This Announcement does not constitute an offer to sell or issue
or a solicitation of an offer to buy or subscribe for Placing
Shares in any Restricted Jurisdiction. This announcement and the
information contained herein are not for publication or
distribution, directly or indirectly, to persons in a Restricted
Jurisdiction unless permitted pursuant to an exemption under the
relevant local law or regulation in any such jurisdiction. No
action has been taken by the Company, Cavendish Capital Markets
Limited, or Cavendish Affiliates or GENinCode Affiliates (as
defined below) that would permit an offer of the Placing Shares or
possession or distribution of this Announcement or any other
publicity material relating to such Placing Shares in any
jurisdiction where action for that purpose is required. Persons
receiving this Announcement are required to inform themselves about
and to observe any such restrictions.
All offers of the Placing Shares will be made pursuant to an
exemption under the UK Prospectus Regulation and the EU Prospectus
Regulation from the requirement to produce a prospectus. The
Placing Shares have not been approved or disapproved by the US
Securities and Exchange Commission, any state securities commission
or other regulatory authority in the United States, nor have any of
the foregoing authorities passed upon or endorsed the merits of the
Placing or the accuracy or adequacy of this Announcement. Any
representation to the contrary is a criminal offence in the United
States. The relevant clearances have not been, nor will they be,
obtained from the securities commission of any province or
territory of Canada, no prospectus has been lodged with, or
registered by, the Australian Securities and Investments Commission
or the Japanese Ministry of Finance; the relevant clearances have
not been, and will not be, obtained for the South Africa Reserve
Bank or any other applicable body in the Republic of South Africa
in relation to the Placing Shares and the Placing Shares have not
been, nor will they be, registered under or offered in compliance
with the securities laws of any state, province or territory of
Australia, Canada, Japan, or the Republic of South Africa.

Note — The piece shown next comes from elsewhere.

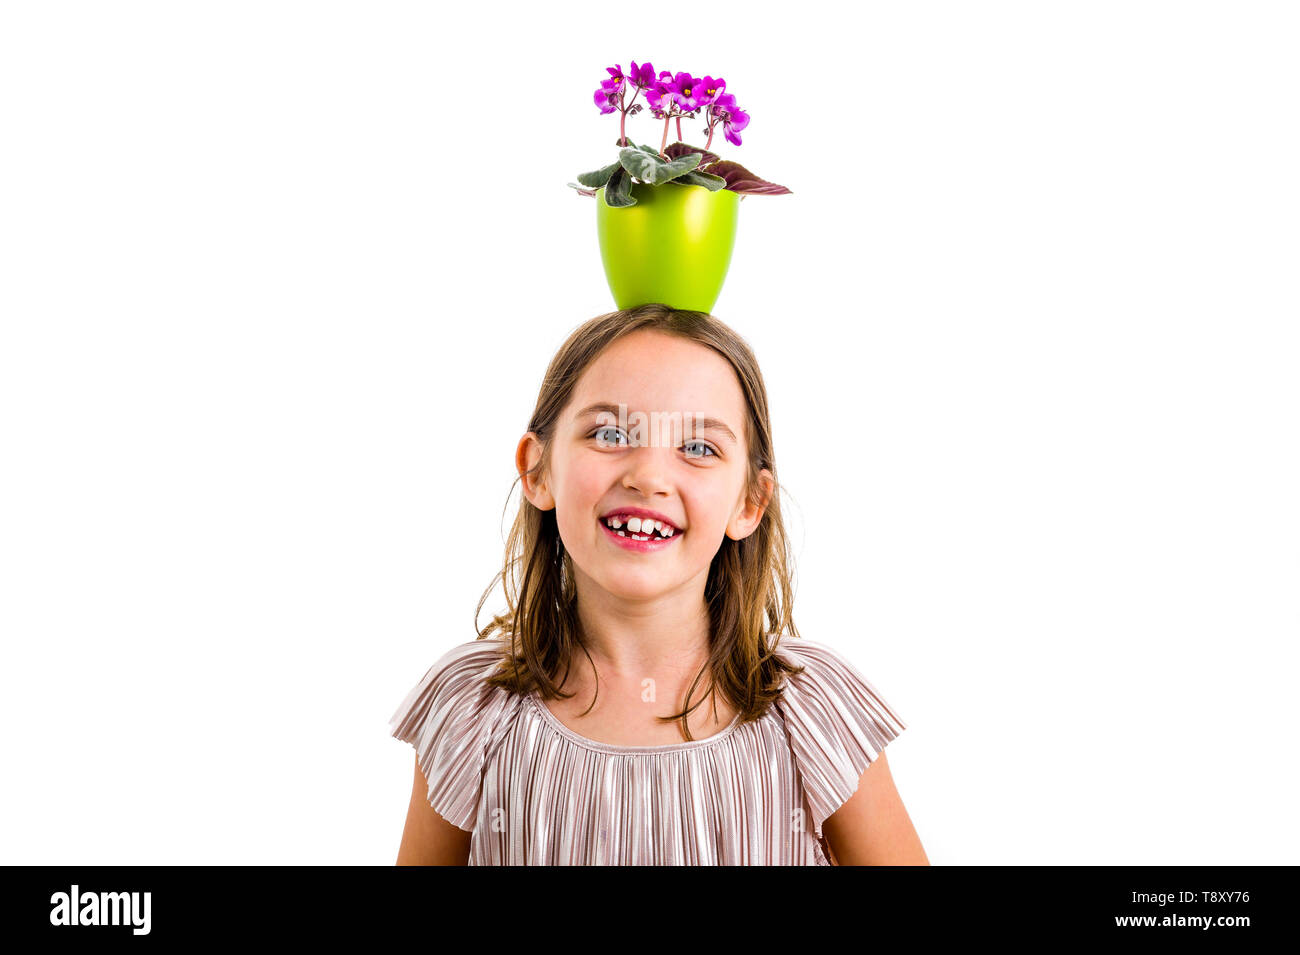 Mädchen mit Blumentopf auf den Kopf, Spaß haben ein Lächeln auf den Lippen. Kleines Mädchen im Kleid holding Green Flower Pot mit Viola Blumen auf dem Kopf Spaß, vermasseln Stockfoto

Accordingly, the Placing Shares may not (unless an exemption under
the relevant securities laws is applicable) be offered, sold,
resold or delivered, directly or indirectly, in or into Australia,
Canada, Japan, the Republic of South Africa or any other
jurisdiction outside the United Kingdom.
Persons (including, without limitation, nominees and trustees)
who have a contractual or other legal obligation to forward a copy
of this Announcement should seek appropriate advice before taking
any action.
Any indication in this Announcement of the price at which the
existing ordinary shares in the capital of the Company have been
bought or sold in the past cannot be relied upon as a guide to
future performance. Persons needing advice should consult an
independent financial adviser.
No statement in this Announcement is intended to be a profit
forecast and no statement in this Announcement should be
interpreted to mean that earnings per share of the Company for the
current or future financial years would necessarily match or exceed
the historical published earnings per share of the Company.

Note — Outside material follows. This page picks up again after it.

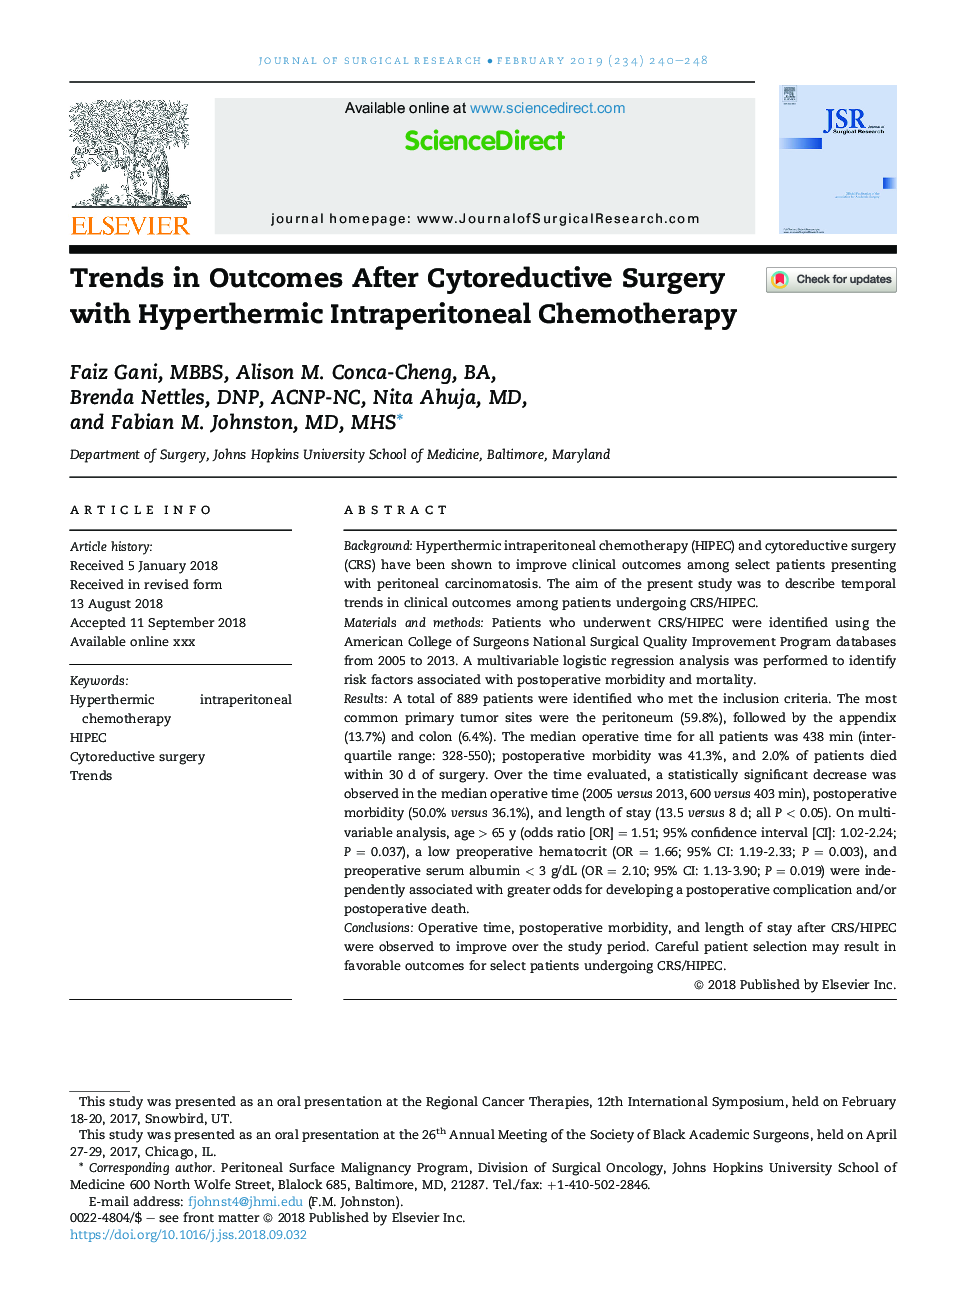 روند درمان پس از جراحی سیتوپاتولوژیک با شیمیدرمانی فتوتراپی هیپرترمی

Neither the content of the Company's website (or any other
website) nor the content of any website accessible from hyperlinks
on the Company's website (or any other website) is incorporated
into or forms part of this Announcement.
By participating in the Placing, each person who is invited to
and who chooses to participate in the Placing (a "Placee") by
making or accepting an oral and/or written legally binding offer to
subscribe for Placing Shares is deemed to have read and understood
this Announcement in its entirety (including this Appendix) and to
be providing the representations, warranties, undertakings,
agreements and acknowledgements contained herein.
EACH PLACEE SHOULD CONSULT WITH ITS OWN ADVISERS AS TO LEGAL,
REGULATORY, TAX, BUSINESS AND RELATED ASPECTS OF A SUBSCRIPTION FOR
PLACING SHARES.
Details of the Placing Agreement and the Placing Shares
The Company has today entered into the placing agreement with
Cavendish Capital Markets Limited ("Cavendish") (the Company's
Nominated Adviser and sole broker and bookrunner in connection with
the Placing) (the "Placing Agreement"). Pursuant to the Placing
Agreement, Cavendish has, subject to the terms and conditions set
out therein, agreed to use reasonable endeavours, as agent of the
Company, to procure subscribers for the Placing Shares pursuant to
the bookbuilding process described in this Announcement and as set
out in the Placing Agreement ("Bookbuilding Process").
The Placing is not being underwritten.
The Placing Shares will, when issued, be subject to the articles
of association of the Company (the "Articles"), be credited as
fully paid and rank pari passu in all respects with each other and
with the existing ordinary shares in the capital of the Company
then in issue, including the right to receive all dividends and
other distributions declared, made or paid in respect of the
ordinary shares of the Company after the date of Admission.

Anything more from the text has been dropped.